> Task requirements: The listing is to be reproduced exactly, excluding its pictures.

> Data section:
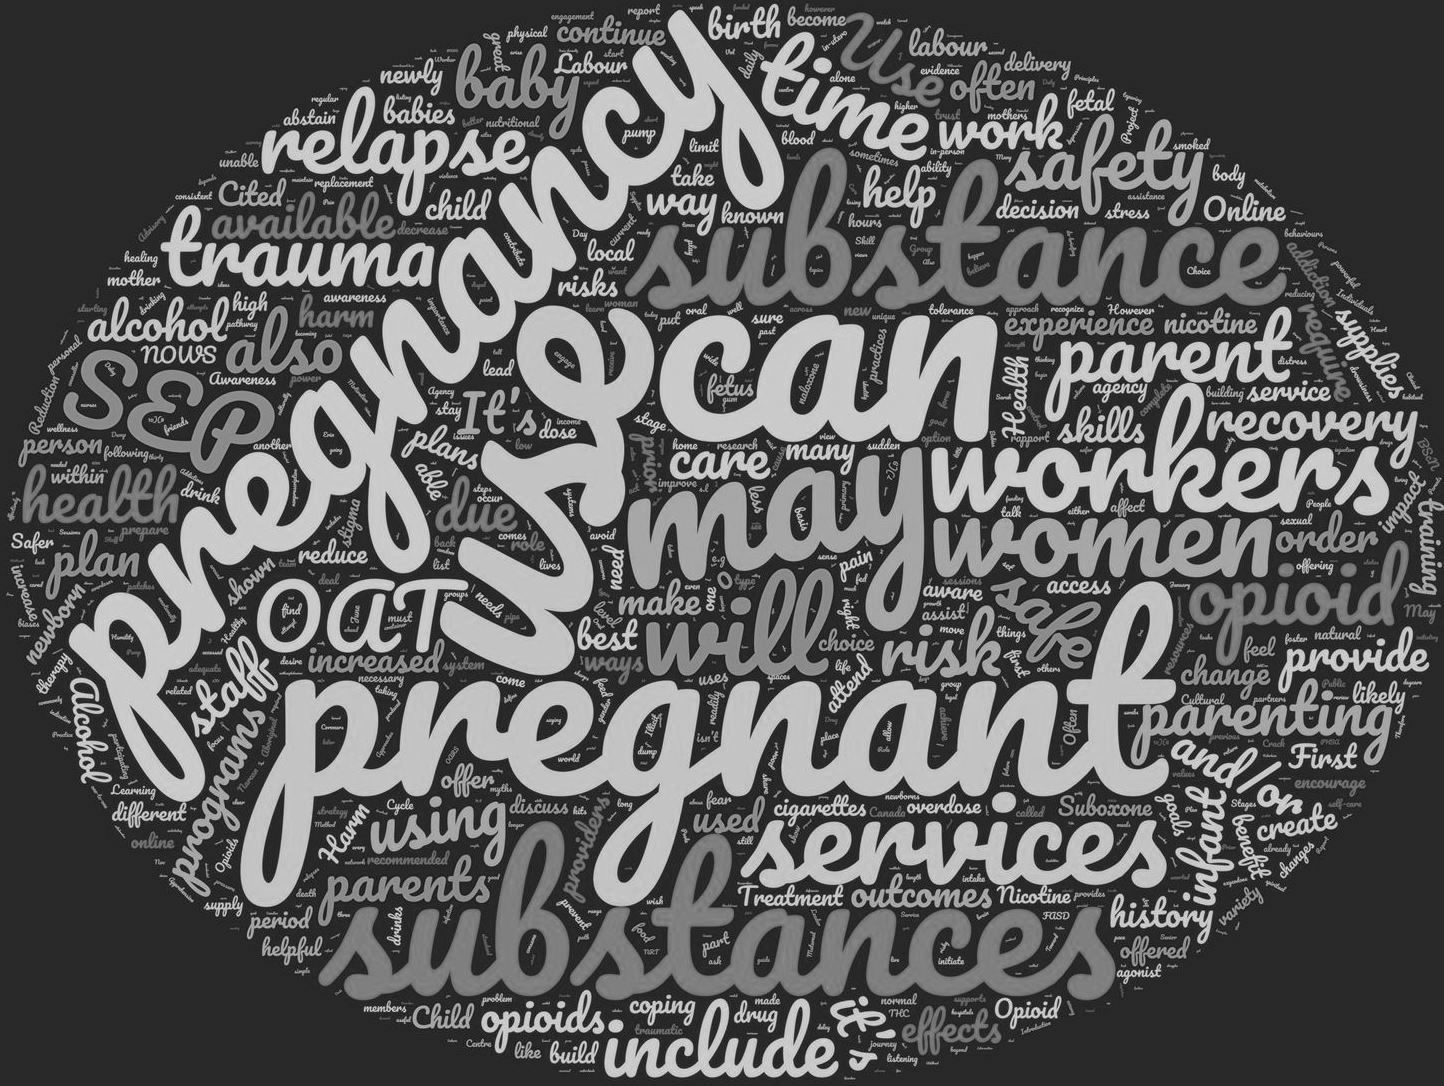 black and grey image of a word bubble depicting language associated with perinatal substance use including words like: pregnancy, OAT, use, pregnant, services, workers, women, substance, time, safety, relapse, using, trauma, alcohol, parent, recovery 
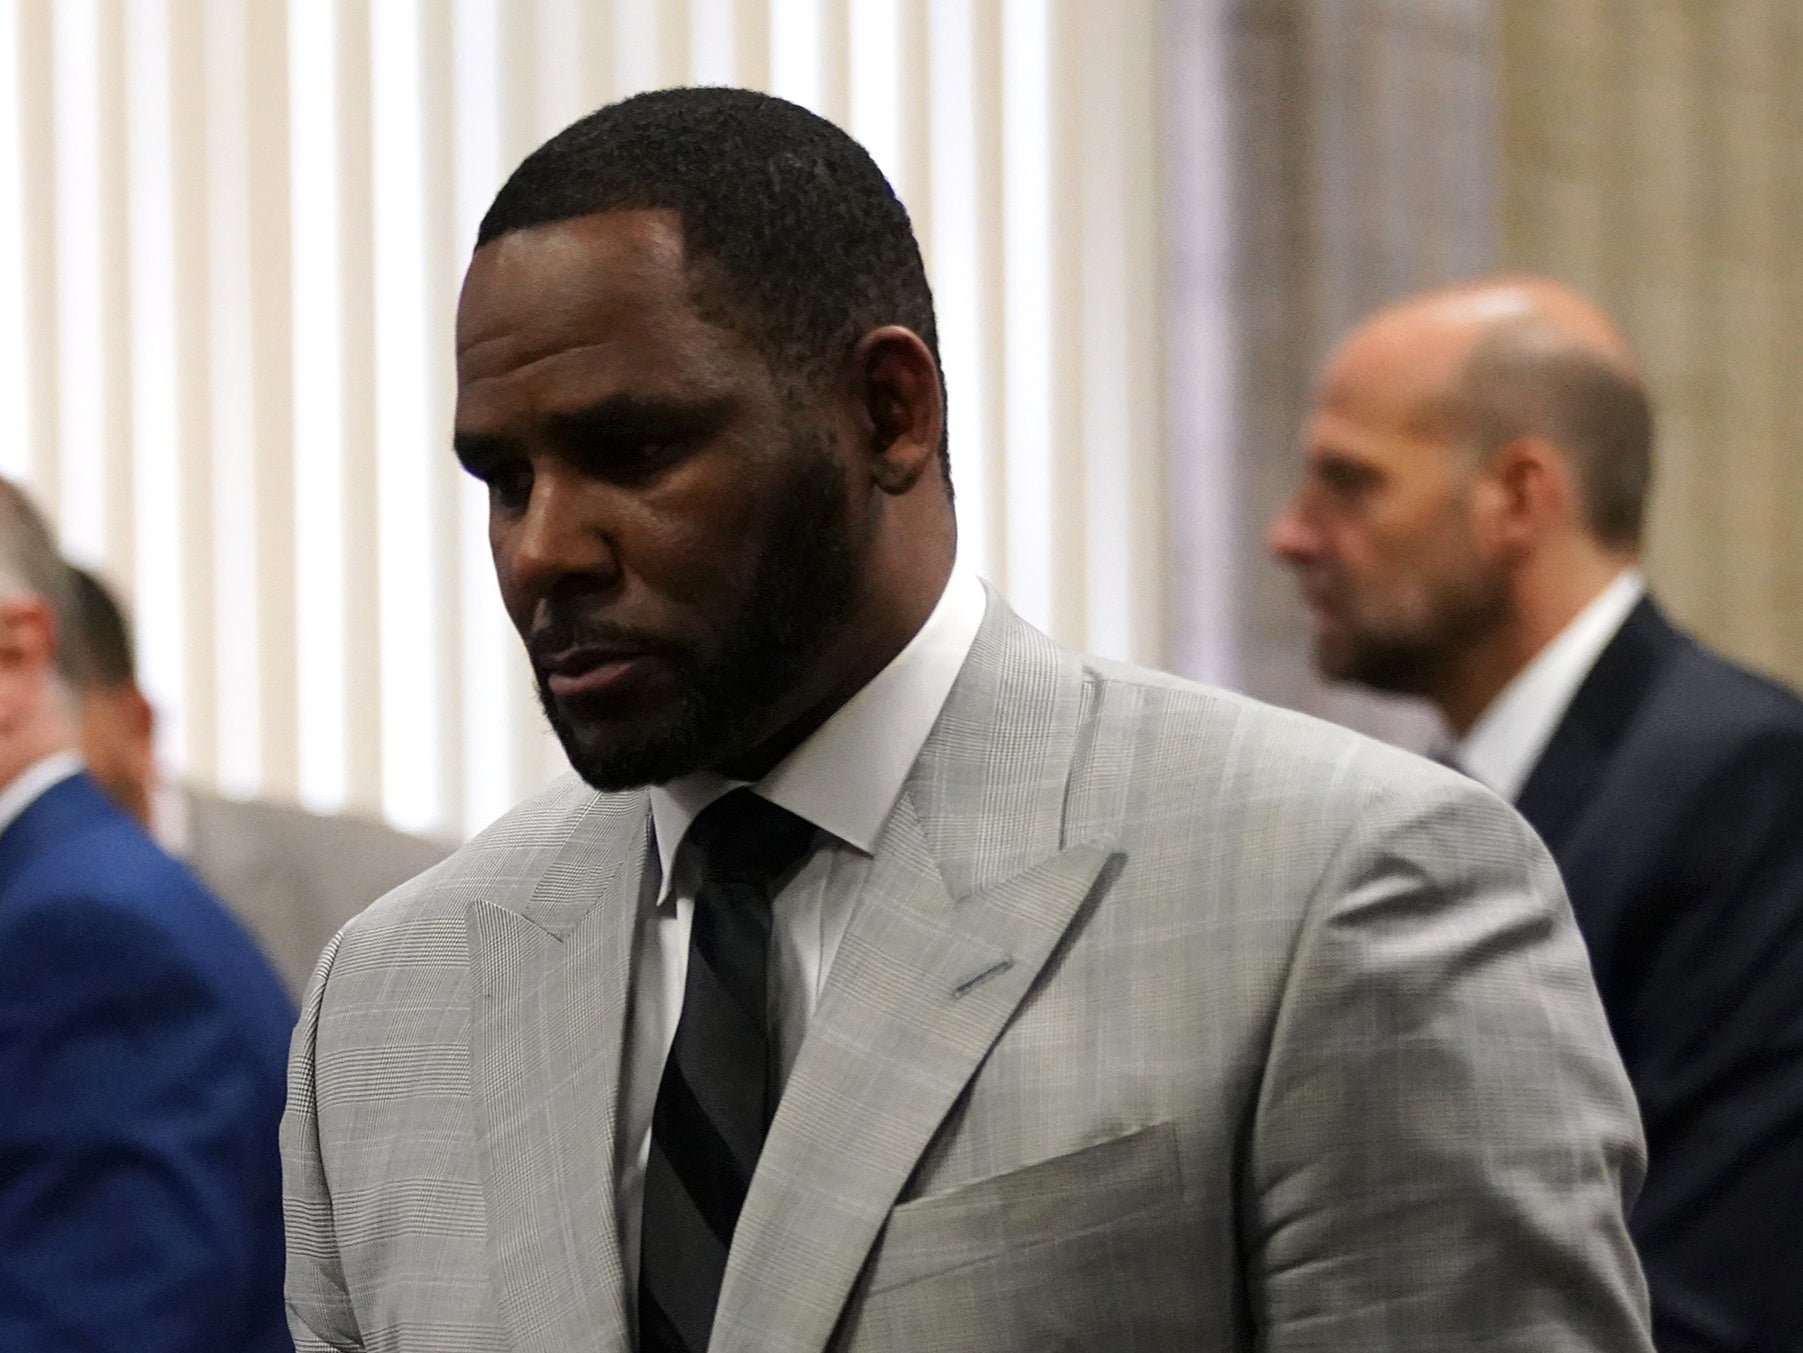 R Kelly pleads not guilty to a new indictment before Judge Lawrence Flood at Leighton Criminal Court Building in Chicago, Illinois, on 6 June 2019
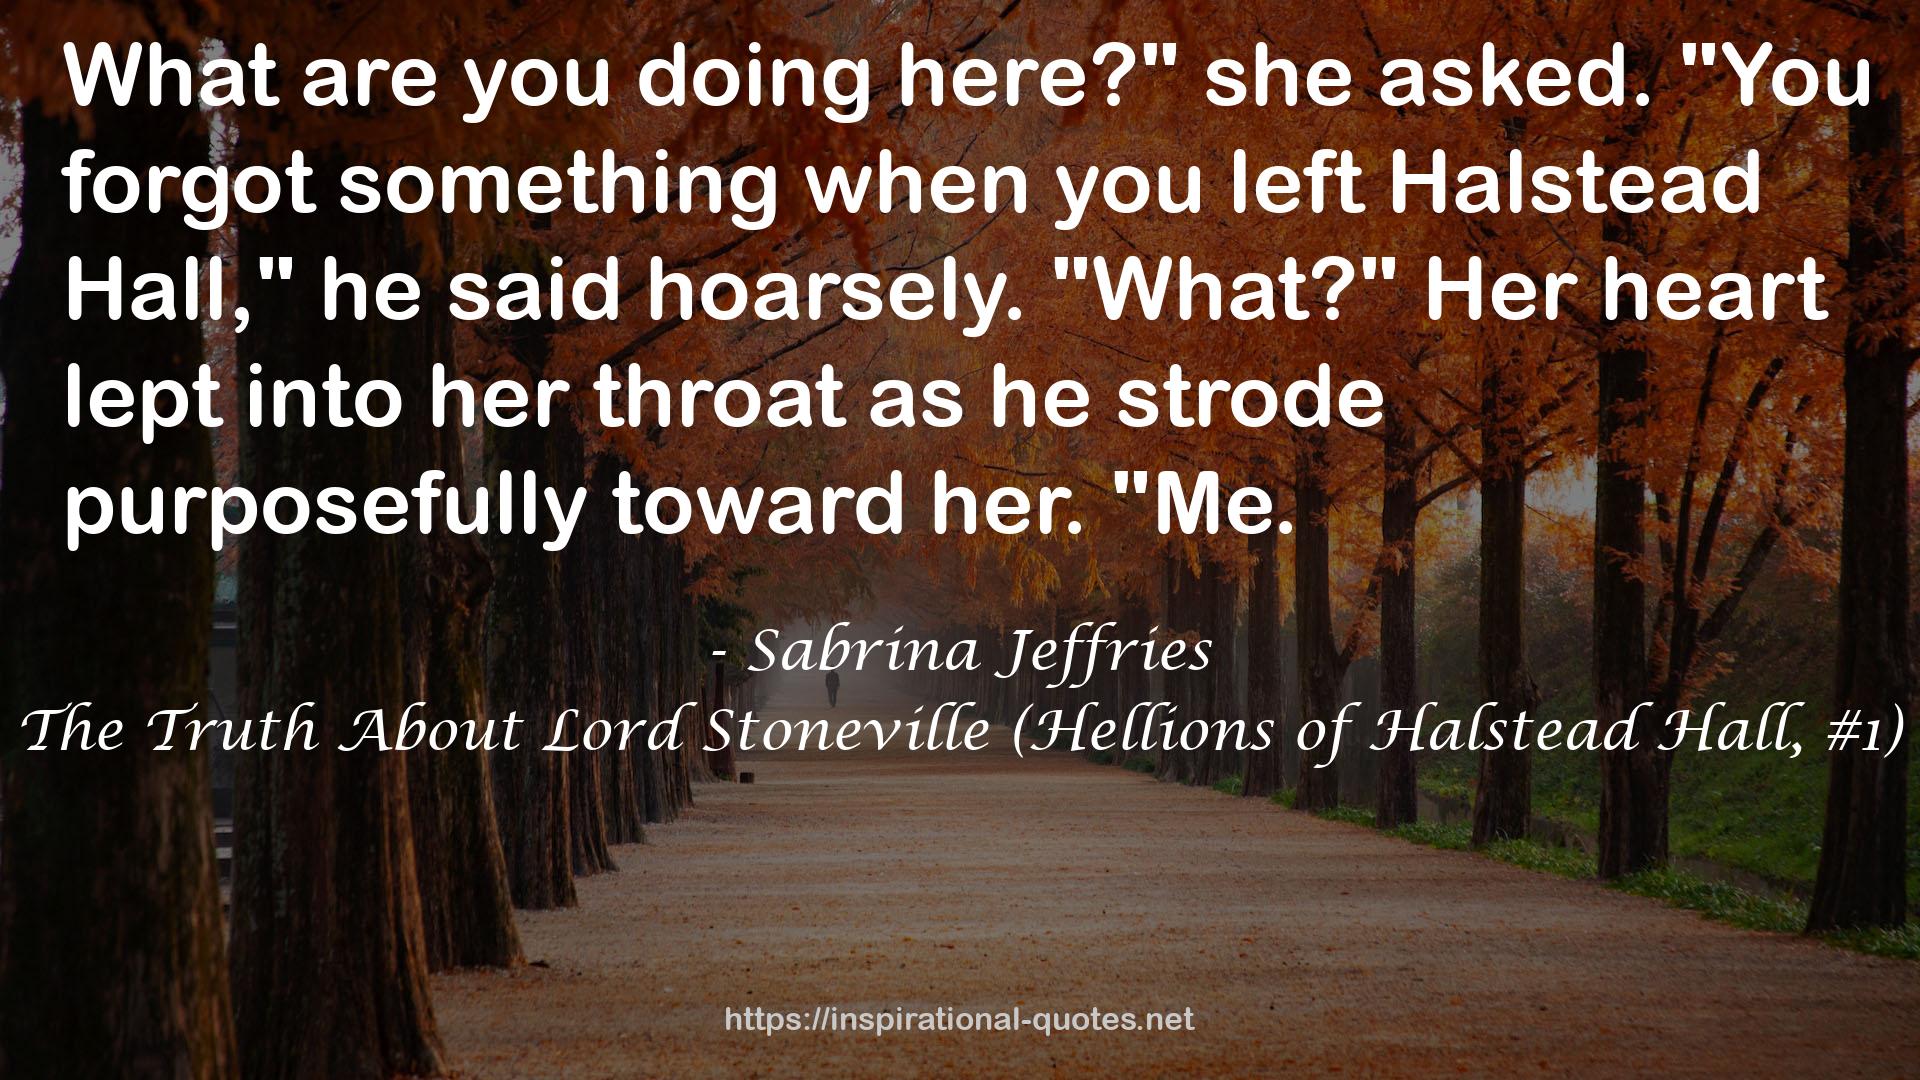 The Truth About Lord Stoneville (Hellions of Halstead Hall, #1) QUOTES

> Task solution:
 black and grey image of a word bubble depicting language associated with perinatal substance use including words like: pregnancy, OAT, use, pregnant, services, workers, women, substance, time, safety, relapse, using, trauma, alcohol, parent, recovery 
 R Kelly pleads not guilty to a new indictment before Judge Lawrence Flood at Leighton Criminal Court Building in Chicago, Illinois, on 6 June 2019
 The Truth About Lord Stoneville (Hellions of Halstead Hall, #1) QUOTES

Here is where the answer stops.